(Stored dataset items)
Start of Block

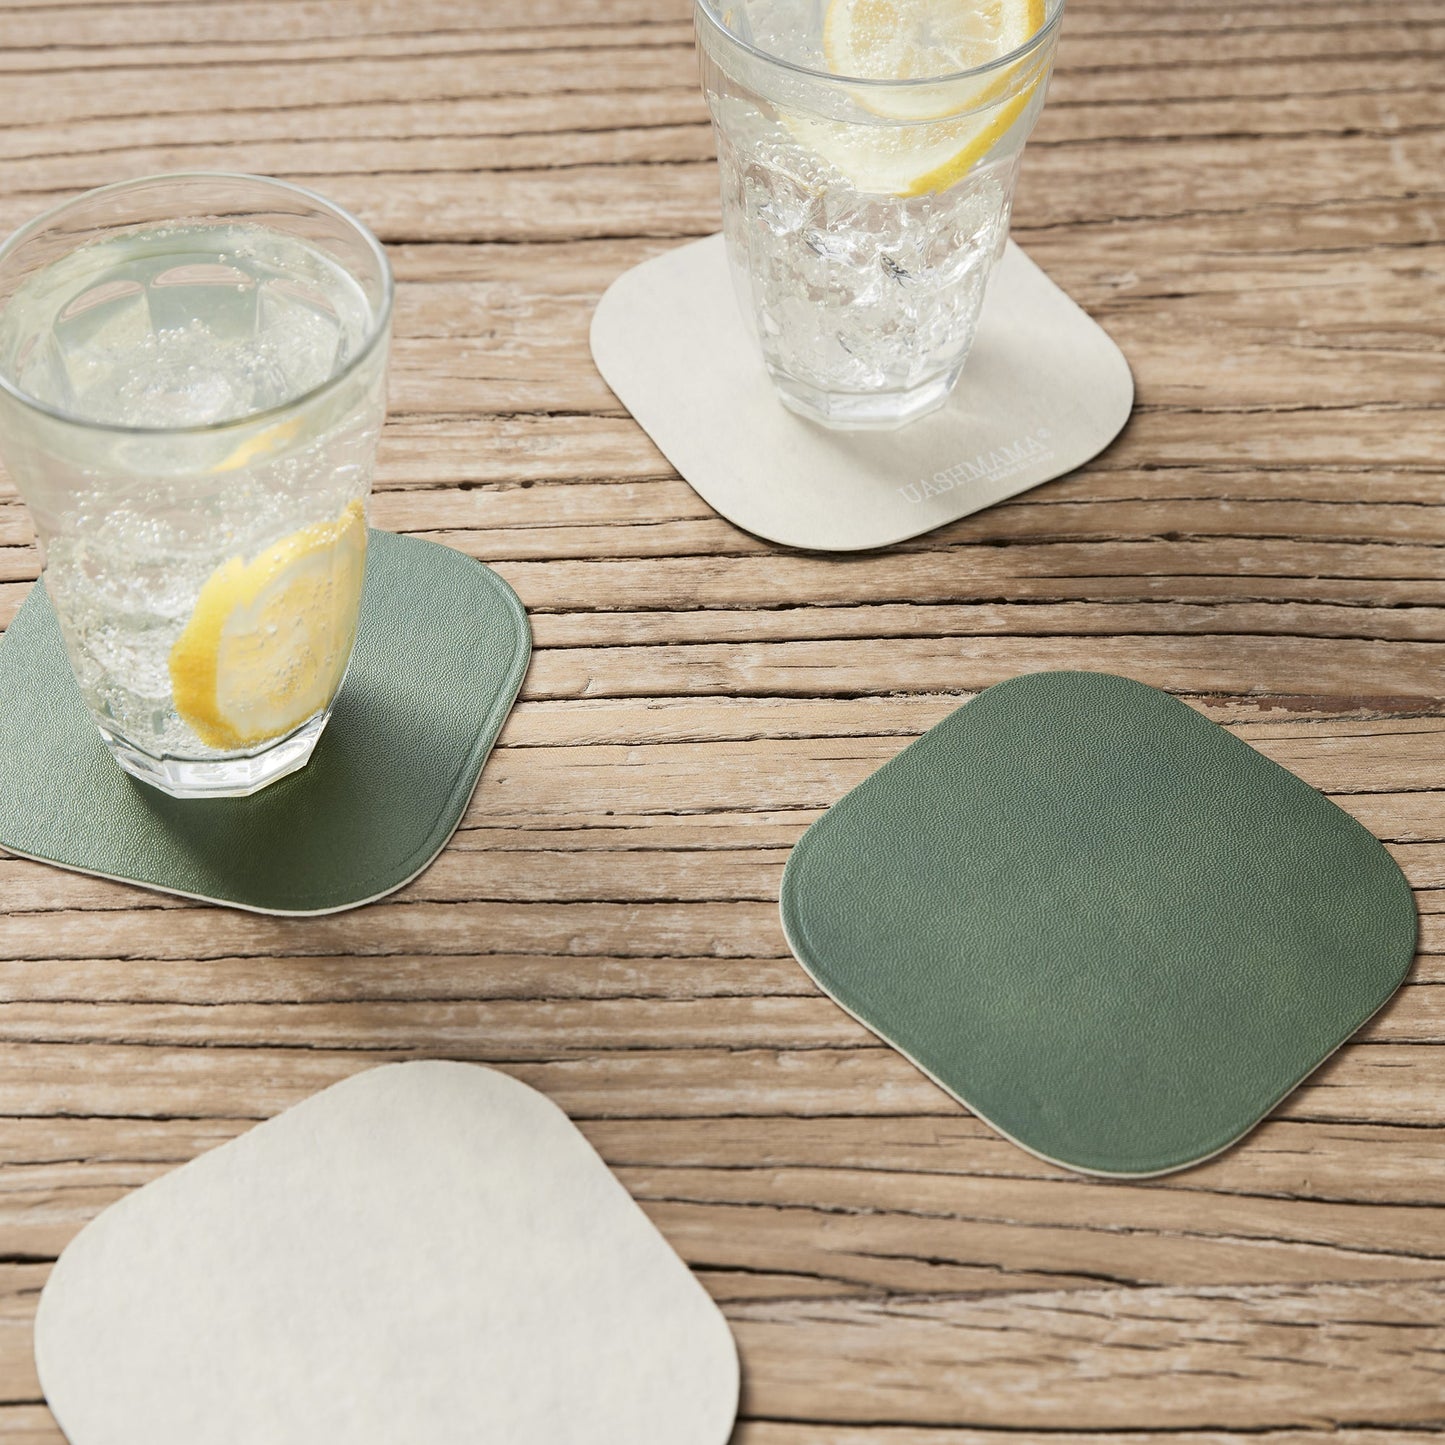 Two water glasses sit atop washable paper coasters, one in white and another in green. Another white and another green washable paper coaster sit in the foreground, atop a wooden table.
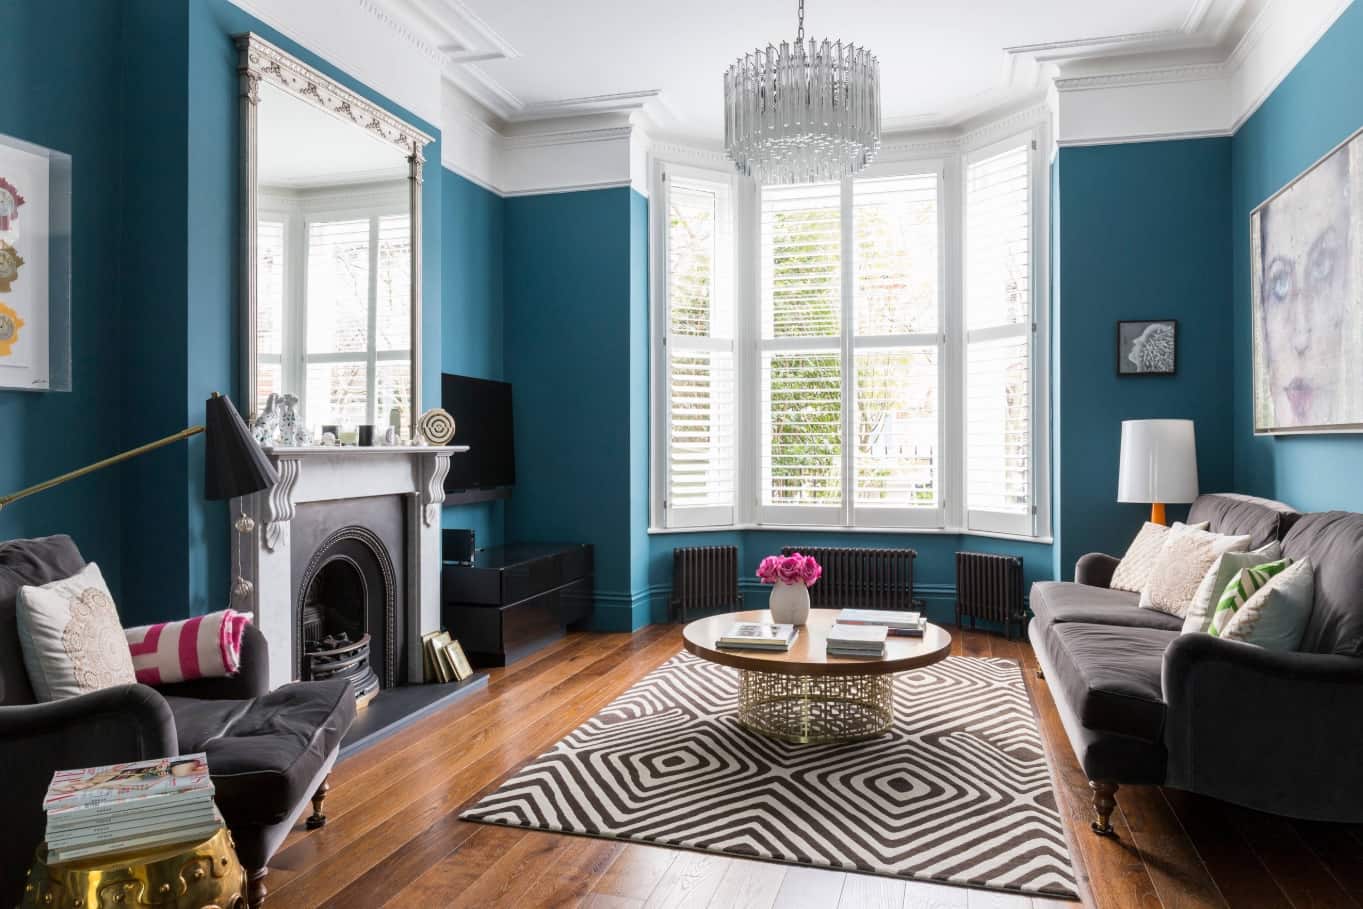 Bay window and blue wall paint for vintage styled living room
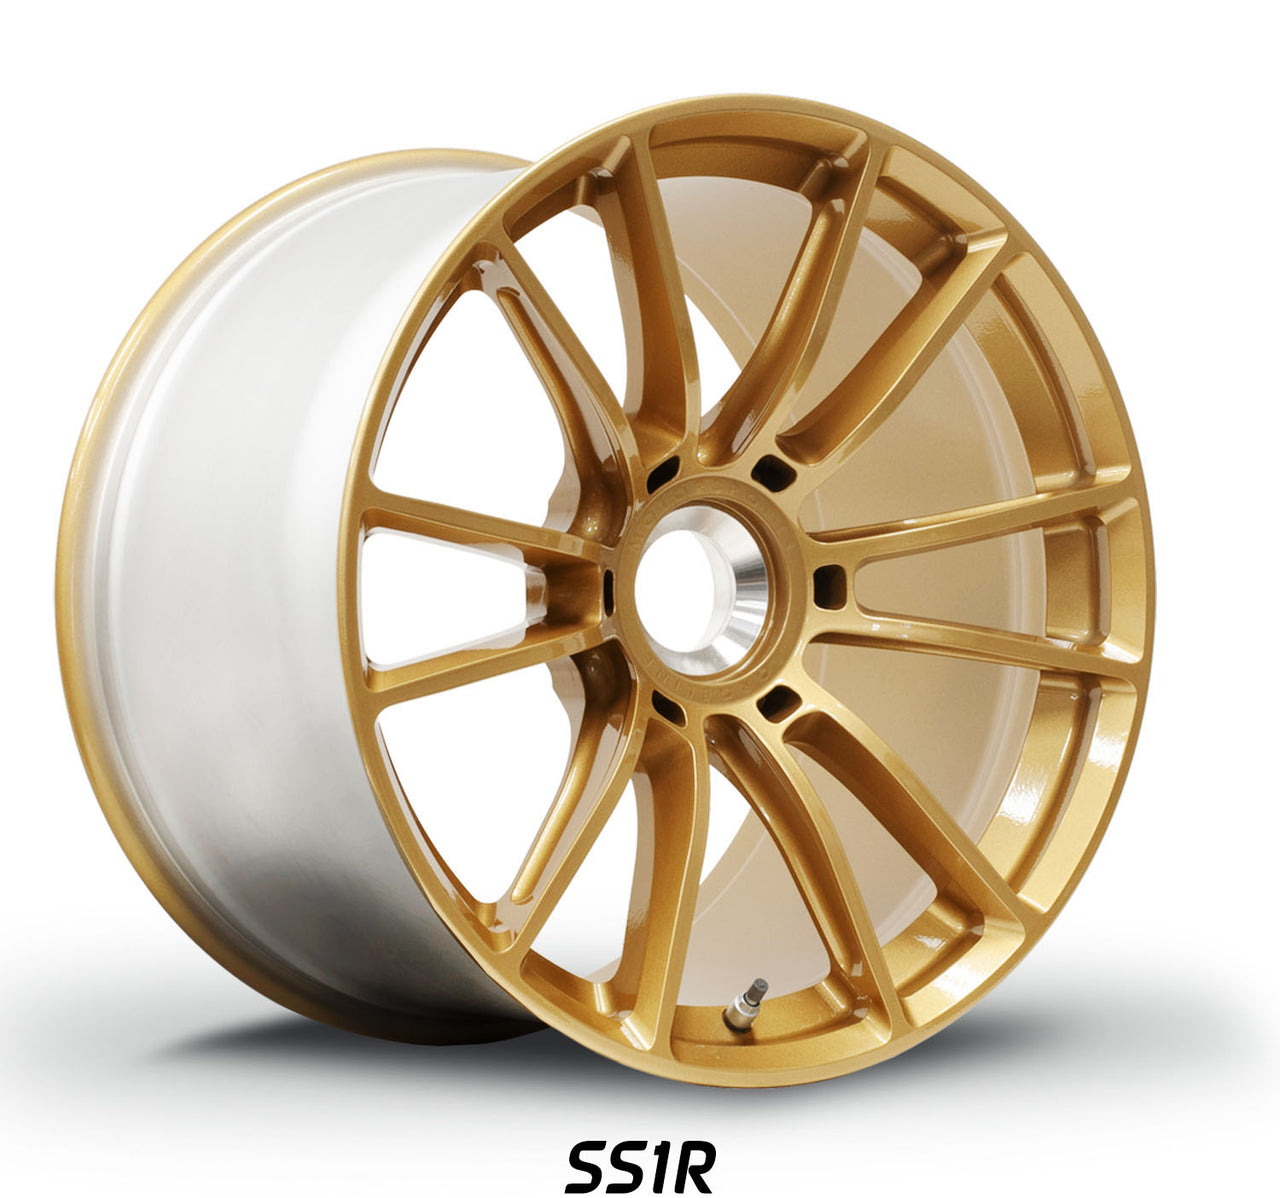 Porsche 2023 911 GT3 RS Forgeline SS1R Race Gold forged monoblock wheel for track day, HPDE
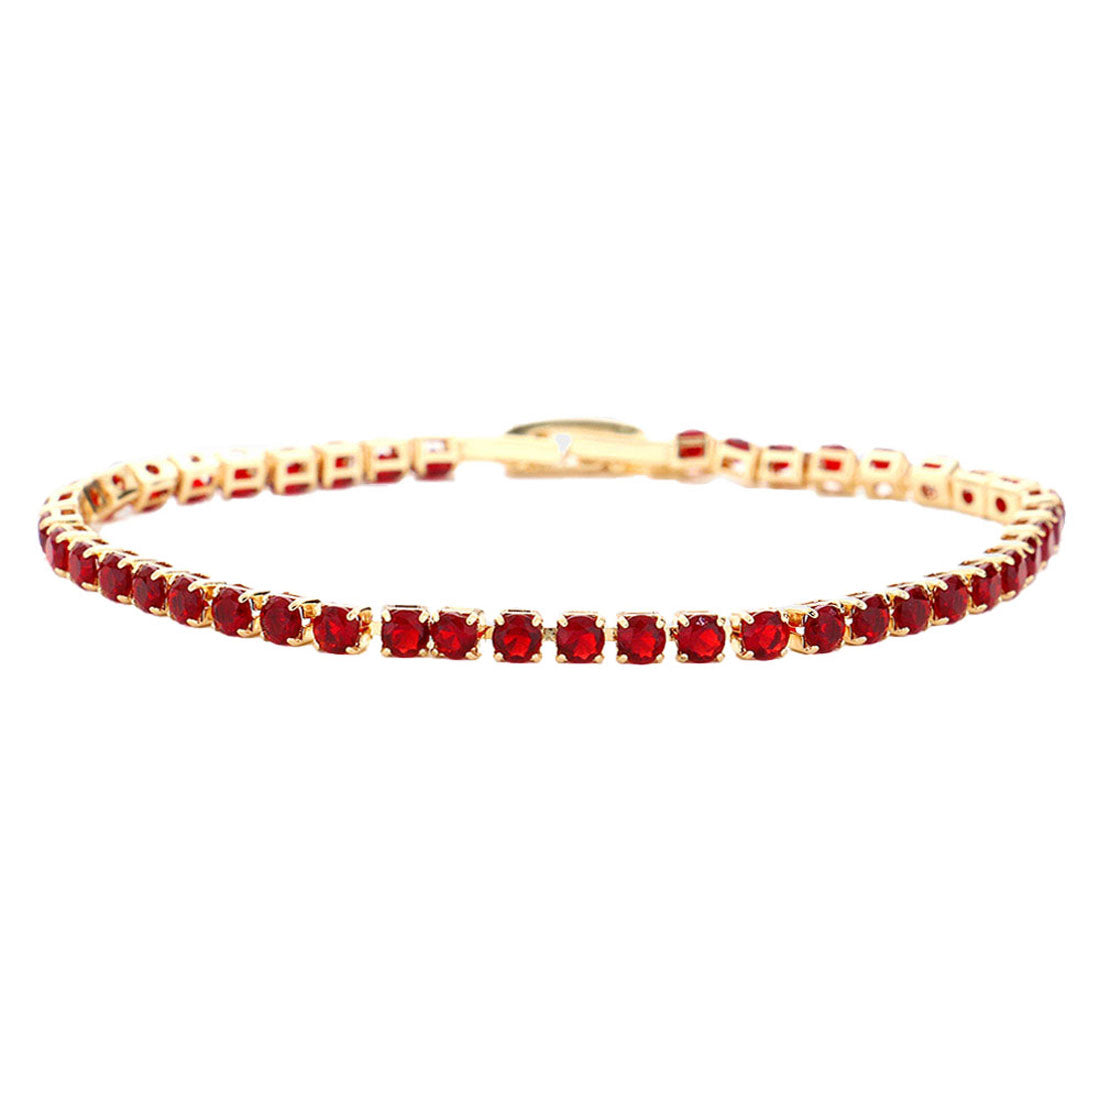 Siam Brass Metal Tennis Evening Bracelet, Get ready with these Evening Bracelet, put on a pop of color to complete your ensemble. Perfect for adding just the right amount of shimmer & shine and a touch of class to special events. Perfect Birthday Gift, Anniversary Gift, Mother's Day Gift, Graduation Gift.
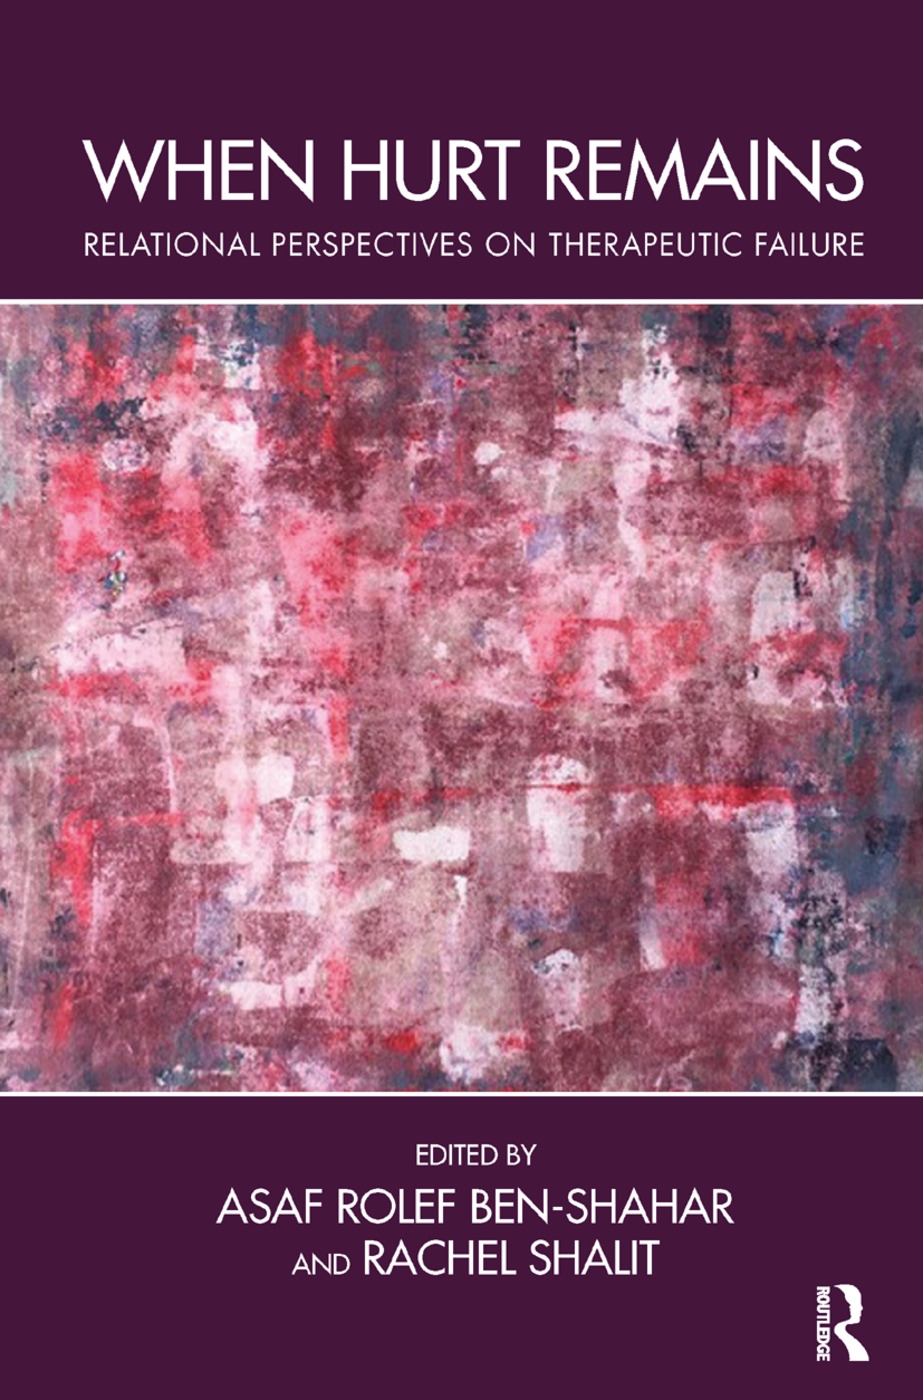 When Hurt Remains: Relational Perspectives on Therapeutic Failure

End of Block

● YOUR TASK: Your copy should match the data above exactly, apart from the pictures.

● OUTPUT FOR THIS TASK:
 Two water glasses sit atop washable paper coasters, one in white and another in green. Another white and another green washable paper coaster sit in the foreground, atop a wooden table.
 Bay window and blue wall paint for vintage styled living room
 Porsche 2023 911 GT3 RS Forgeline SS1R Race Gold forged monoblock wheel for track day, HPDE
 Siam Brass Metal Tennis Evening Bracelet, Get ready with these Evening Bracelet, put on a pop of color to complete your ensemble. Perfect for adding just the right amount of shimmer & shine and a touch of class to special events. Perfect Birthday Gift, Anniversary Gift, Mother's Day Gift, Graduation Gift.
 When Hurt Remains: Relational Perspectives on Therapeutic Failure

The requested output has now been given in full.